Zelnick Leila R, Batacchi Zona O, Ahmad Iram, Dighe Ashveena, Little Randie R, Trence Dace L, Hirsch Irl B, de Boer Ian H
Kidney Research Institute, University of Washington, Seattle, WA
Division of Nephrology, University of Washington, Seattle, WA.
Diabetes Care. 2020 Oct;43(10):2379-2387. doi: 10.2337/dc20-0915. Epub 2020 Aug 11.
In chronic kidney disease, glycated albumin and fructosamine have been postulated to be better biomarkers of glycemic control than HbA. We evaluated the accuracy, variability, and covariate bias of three biomarkers (HbA, glycated albumin, and fructosamine) compared with continuous glucose monitoring (CGM)-derived measurement of glycemia across estimated glomerular filtration rate (eGFR) in type 2 diabetes.
A prospective cohort study was conducted of 104 participants with type 2 diabetes, 80 with eGFR <60 mL/min/1.73 m (not treated with dialysis) and 24 frequency-matched control subjects with eGFR ≥60 mL/min/1.73 m. Participants wore a blinded CGM for two 6-day periods separated by 2 weeks, with blood and urine collected at the end of each CGM period. HbA, glycated albumin, and fructosamine were measured by high-performance liquid chromatographic, enzymatic, and colorimetric nitroblue tetrazolium methods, respectively.
Within-person biomarker values were strongly correlated between the two CGM periods ( = 0.92-0.95), although no marker fully captured the within-person variability of mean CGM glucose. All markers were similarly correlated with mean CGM glucose ( = 0.71-77). Compared with mean CGM glucose, glycated albumin and fructosamine were significantly biased by age, BMI, serum iron concentration, transferrin saturation, and albuminuria; HbA was underestimated in those with albuminuria.

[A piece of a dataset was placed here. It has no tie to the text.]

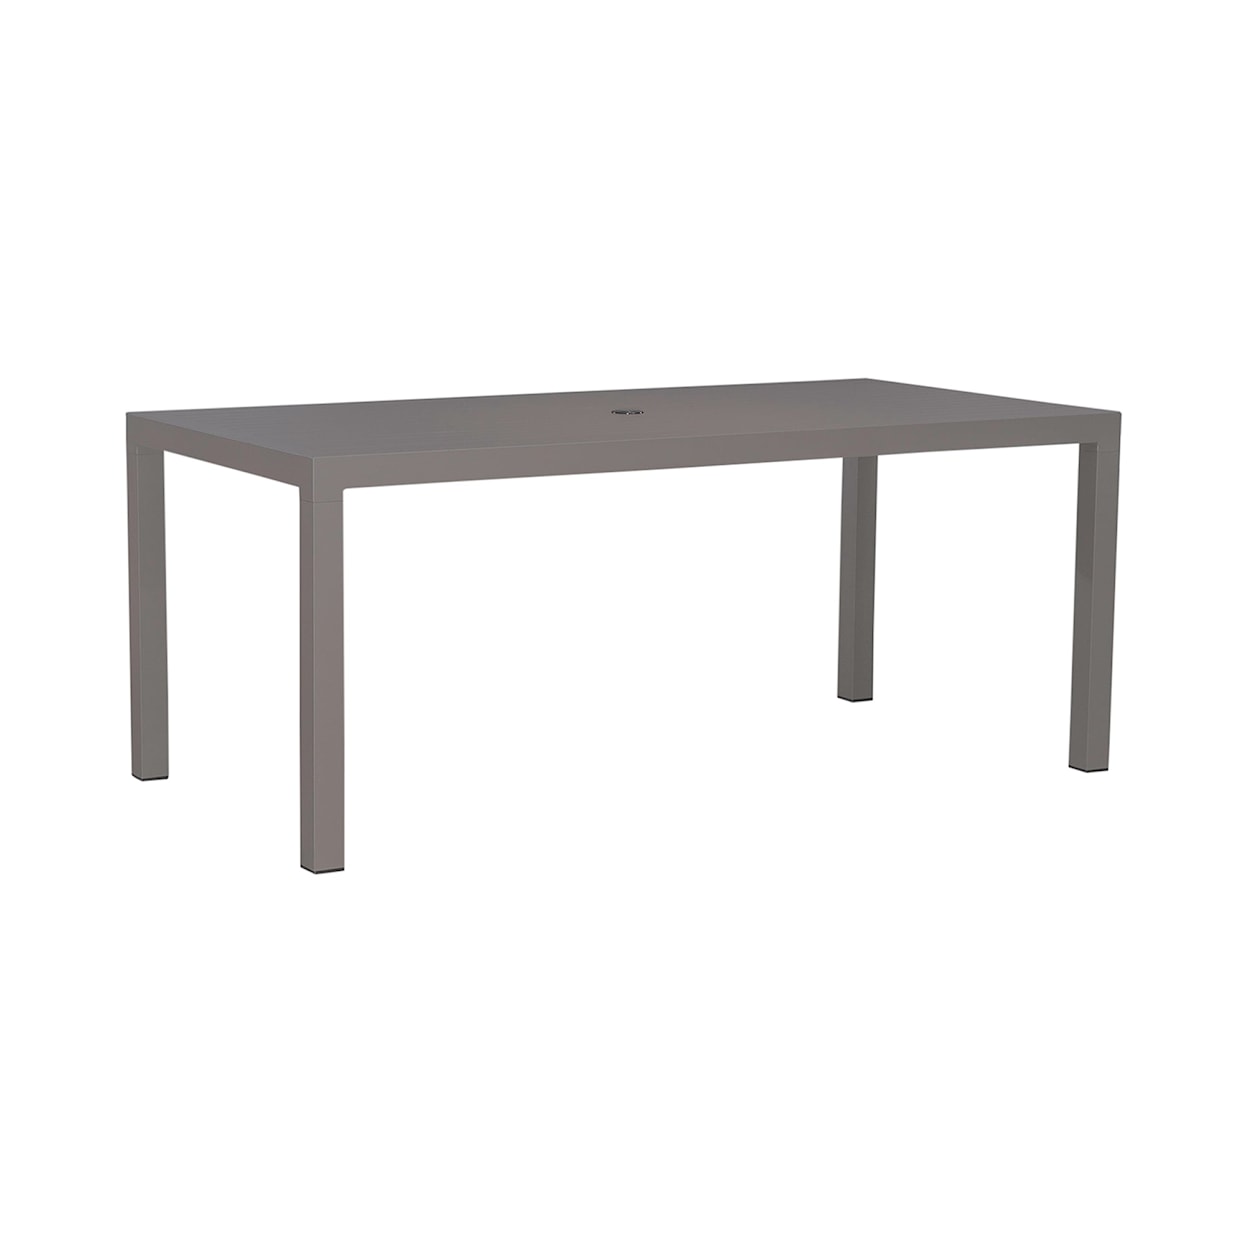 Liberty Furniture Plantation Key Outdoor Dining Table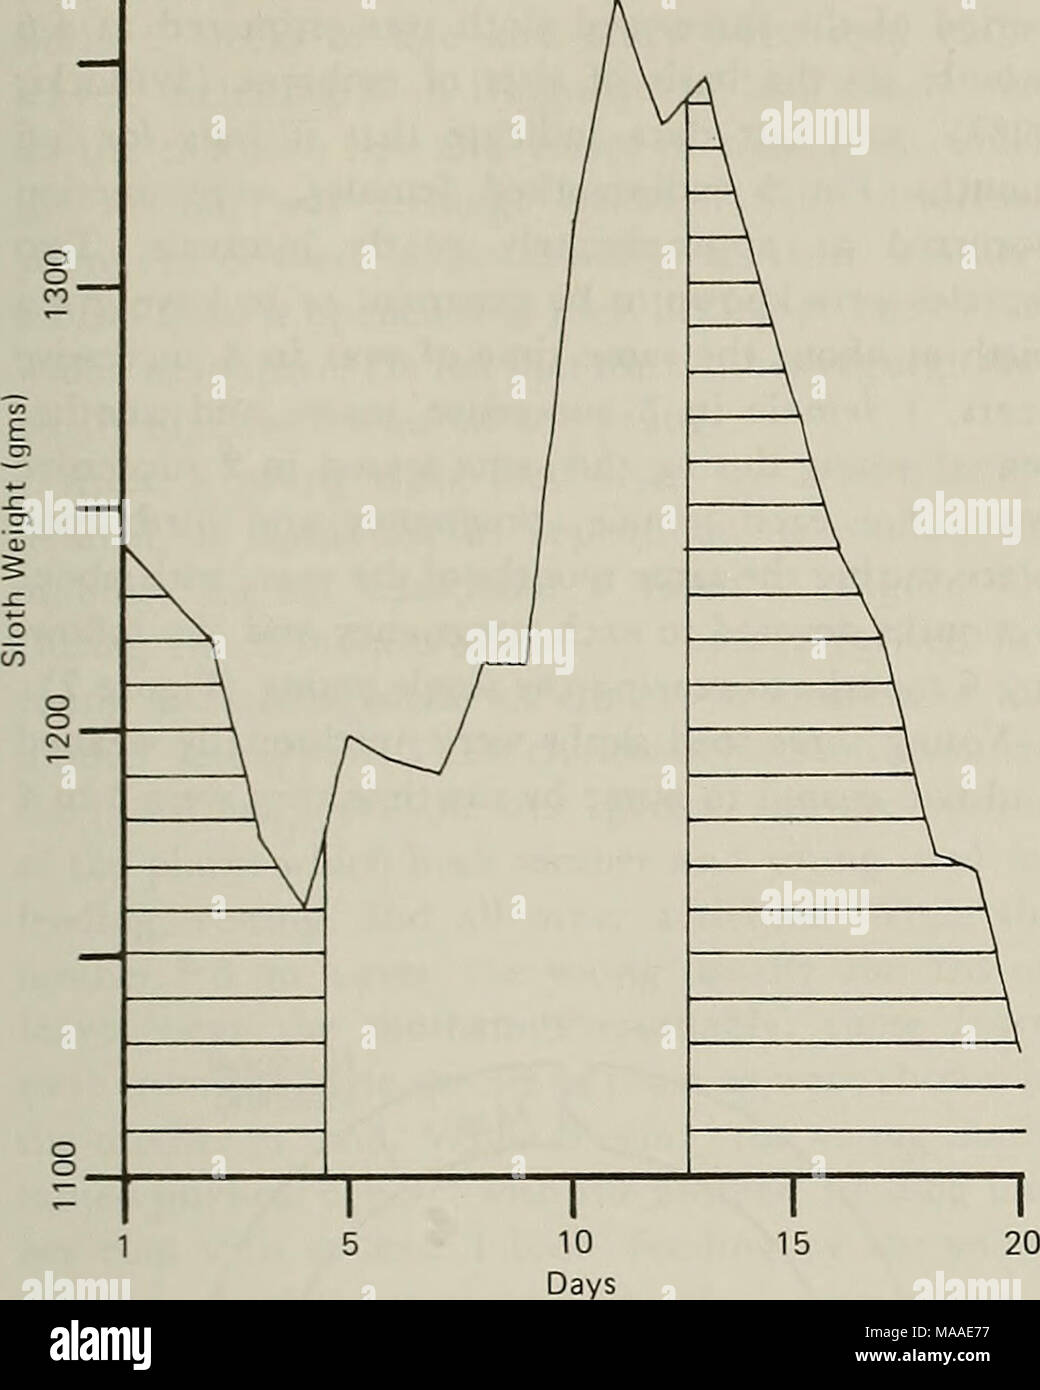 . The Ecology of arboreal folivores : a symposium held at the Conservation and Research Center, National Zoological Park, Smithsonian Institution, May 29-31, 1975 . Figure 6. Changes in body weight of a young captive three-toed sloth fed on an alternating diet of powdered, rehydrated leaf of Cecropia eximia and Lacmellea panamensis. Lacmellea leaf was about 1.6 times as digestible as Cecropia leaf. The sloth died at the end of the experiment. and the amount eaten. The difference between food input and feces outflow was greater when Lacmellea was fed, averaging 9.8 gm per day for Lacmellea leaf Stock Photo

Glycated albumin and fructosamine were not less variable than HbA at a given mean CGM glucose level, with several additional sources of bias. These results support measuring HbA to monitor trends in glycemia among patients with eGFR <60 mL/min/1.73 m. Direct measurements of glucose are necessary to capture short-term variability.
在慢性肾脏病中,糖化白蛋白和果糖胺被认为是比糖化血红蛋白(HbA)更好的血糖控制生物标志物。我们评估了三种生物标志物(HbA、糖化白蛋白和果糖胺)与通过连续血糖监测(CGM)得出的血糖测量值相比的准确性、变异性和协变量偏差,该评估针对2型糖尿病患者的估计肾小球滤过率(eGFR)进行。
对104名2型糖尿病患者进行了一项前瞻性队列研究,其中80名患者的eGFR<60 mL/min/1.73 m²(未接受透析治疗),24名频率匹配的对照受试者的eGFR≥60 mL/min/1.73 m²。参与者佩戴盲法CGM设备两个为期6天的时间段,中间间隔2周,在每个CGM时间段结束时采集血液和尿液样本。HbA、糖化白蛋白和果糖胺分别通过高效液相色谱法、酶法和比色硝基蓝四唑法进行测量。
尽管没有一种标志物能完全捕捉个体内平均CGM血糖的变异性,但两个CGM时间段内个体的生物标志物值之间具有很强的相关性(相关性系数=0.92-0.95)。所有标志物与平均CGM血糖的相关性相似(相关性系数=0.71-0.77)。与平均CGM血糖相比,糖化白蛋白和果糖胺受年龄、体重指数、血清铁浓度、转铁蛋白饱和度和蛋白尿的显著影响而产生偏差;HbA在有蛋白尿的患者中被低估。
在给定的平均CGM血糖水平下,糖化白蛋白和果糖胺的变异性并不低于HbA,且存在其他多种偏差来源。这些结果支持在eGFR<60 mL/min/1.73 m²的患者中测量HbA以监测血糖趋势。直接测量血糖对于捕捉短期变异性是必要的。